Человек по конкретным заболеваниям нейронные культуры имеют важное значение для создания в моделях пробирке для неврологических заболеваний человека. Тем не менее, отсутствие доступа к первичной человеческой взрослых нейронных культур вызывает уникальные проблемы. Последние события в индуцированных плюрипотентных стволовых клеток (ИПСК) обеспечивает альтернативный подход для получения нейронных культур из фибробластов кожи через пациента конкретной IPSC, но этот процесс является трудоемким, требует специальных знаний и большого количества ресурсов, и может занять несколько месяцев. Это препятствует широкому применению этой технологии для изучения неврологических заболеваний. Для преодоления некоторых из этих вопросов, мы разработали метод для получения нервные стволовые клетки непосредственно из человеческого взрослых периферической крови, минуя процесс выведения IPSC. Гемопоэтических клеток-предшественников, обогащенные от взрослого человека периферической крови культивировали в пробирке и трансфицировали вирусных векторов, содержащих Сендай факторы транскрипции Sox2, октябрь3/4, Klf4 и C-Myc. Результаты трансфекции в морфологических изменений в клетках, которые в дальнейшем выбранных с помощью человека среда нейронной предшественников, содержащий основной фактор роста фибробластов (bFGF) и сосудистый эндотелиальный фактор роста (VEGF). Полученные клетки характеризуются выражения для нейронных маркеров стволовых клеток, таких как нестина и SOX2. Эти нервные стволовые клетки могут быть в дальнейшем дифференцирована с нейронами, астроглию и олигодендроциты в указанной среде для дифференцировки. Использование легко доступных образцов периферической крови человека, этот способ может быть использован для получения нервные стволовые клетки для дальнейшей дифференциации нервных клеток к для моделирования в пробирке неврологических расстройств и может продвинуть исследования, связанные с патогенезе и лечении этих заболеваний.

Introduction

В пробирке нейронов культуры были использованы в качестве основополагающего инструмента исследований неврологических заболеваний.
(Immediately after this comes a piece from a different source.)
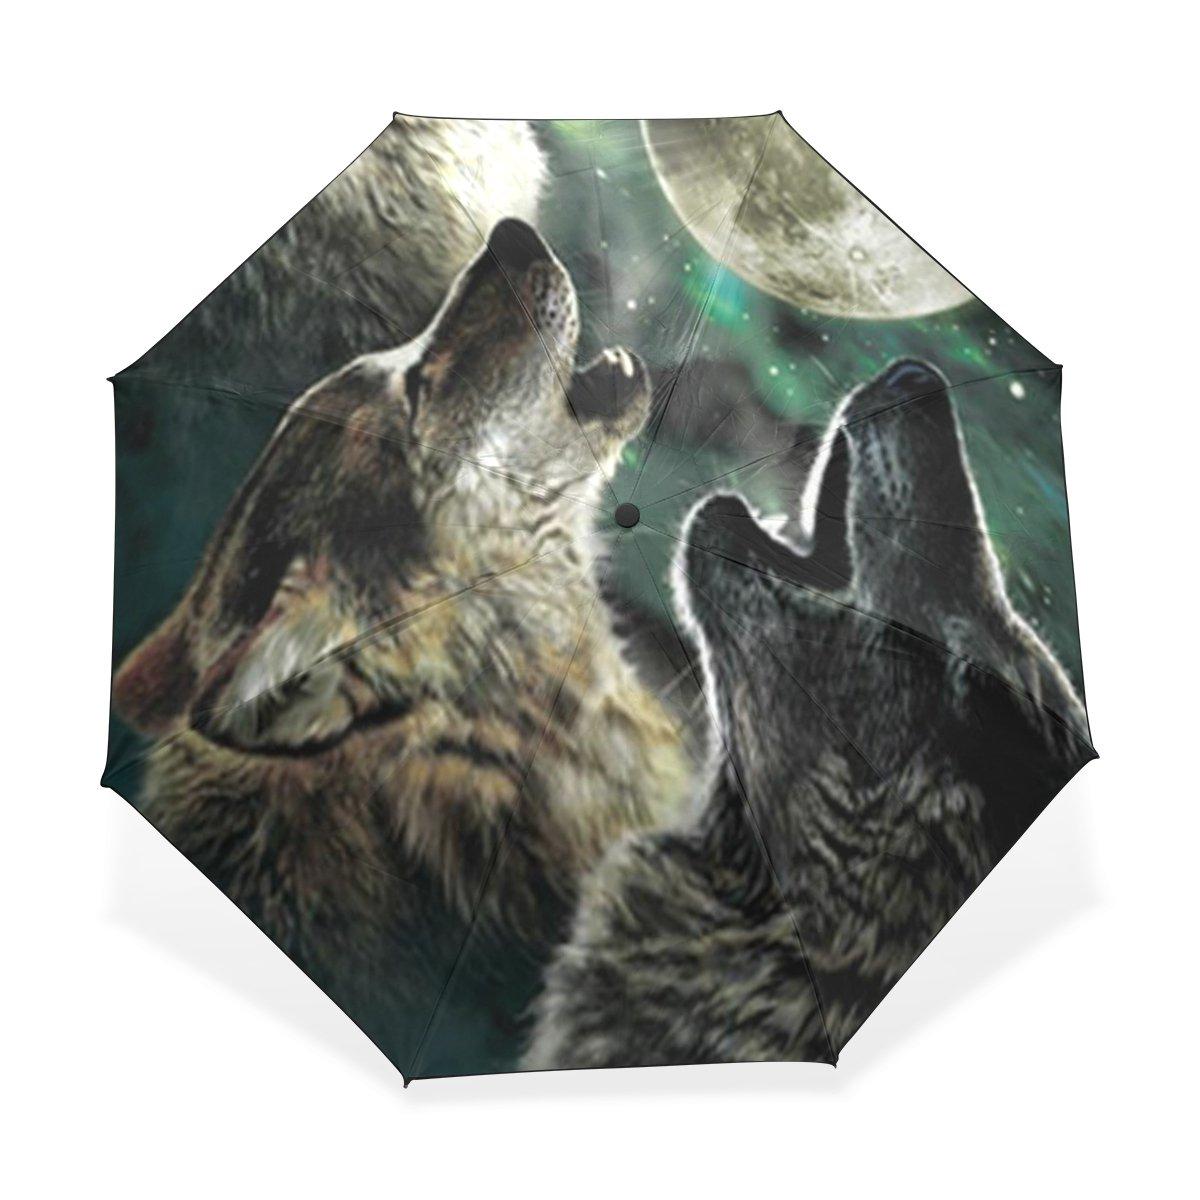 JSTEL Wolf Pattern Windproof & Waterproof Compact Travel Umbrella Anti-UV Protective Canopy Parasol UPF 50+ Sun Block Umbrella Summer Shady Folding Sun Umbrella

Первичный животных (в основном грызунов) нейронные культуры ^{1, 2} и нейронные клеточные линии человека, полученные из глиомы или других опухолей наиболее часто используемый в таких исследованиях. Тем не менее, было признано, что существуют значительные различия между грызунов и клетках человека. Многие выводы, основанные на грызунах не могут быть переведены на людей. Кроме того, с быстрым развитием анализа массы геномной информации и относительно легко редактировать генов и весь секвенирование генома, тенденция становится все более и более ориентированы на обнаружение заболевания, склонные гены и разграничения их функций и роли в конкретных заболеваний, что делает несколько человеческих нейронов клеточные линии ограничивается только использованием. Теоретически, первичные нервные культуры человека, полученные из образцов пациентов нервной системы лучший выбор, но их невозможно получить; следовательно, альтернатива метОРВ необходимо. В последние годы некоторые подходы были использованы, с двумя является наиболее различимы. После развития техники генерации индуцированных плюрипотентных стволовых клеток (ИПСК) с помощью мыши и соматических клеток человека ^{3, 4,} нервные клетки могут быть дополнительно отличается от них ^5-7. Тем не менее, генерации и характеризующие IPSC требует интенсивного труда, методы и ввод времени, иногда даже чрезмерно. Вскоре после этого, еще один подход был разработан, чтобы преобразовать непосредственно нервных клеток из соматических клеток ^{8, 9.} Как в результате нейроны непролиферативная, он ограничивает его применение в интенсивных исследований и скрининга лекарственных средств, что требует большого количества клеток. Для того, чтобы преимущества обеих технологий, прямой вывод нервных стволовых клеток / клеток-предшественников из соматических клеток были изучены несколько групп ^10-12, который обходит утомительный процесс генерации IPSC и характеристике, но еще предоставледе приличное число нервных стволовых клеток для последующего нервной дифференциации. Ранее мы показали, что после введения транскрипционных факторов Яманака в гемопоэтических клеток-предшественников, нервные стволовые клетки могут быть непосредственно получены с использованием нейронной клетки-предшественника, выбирающий среду ^13. Здесь мы сообщаем метод в деталях.

Protocol

1. Обогащение гемопоэтических клеток-предшественников из взрослых цельной крови Примечание: гемопоэтических предшественников клетки или клетки CD34 + могут быть очищены от мононуклеарных клеток периферической крови (МКПК), полученных из различных источников, включая пуп?…

Representative Results

Качество CD34 клеток имеет решающее значение для успеха нервной трансдукции стволовых клеток. Высокое качество CD34 клетки пролиферируют в течение первых двух дней культуры и появляются как не сторонник, равномерно круглых клеток, плавающих чуть выше нижней части сосудов для культиви…

Discussion

Подробный протокол, чтобы непосредственно генерировать нервные стволовые клетки из периферической гемопоэтических клеток-предшественников обеспечивается.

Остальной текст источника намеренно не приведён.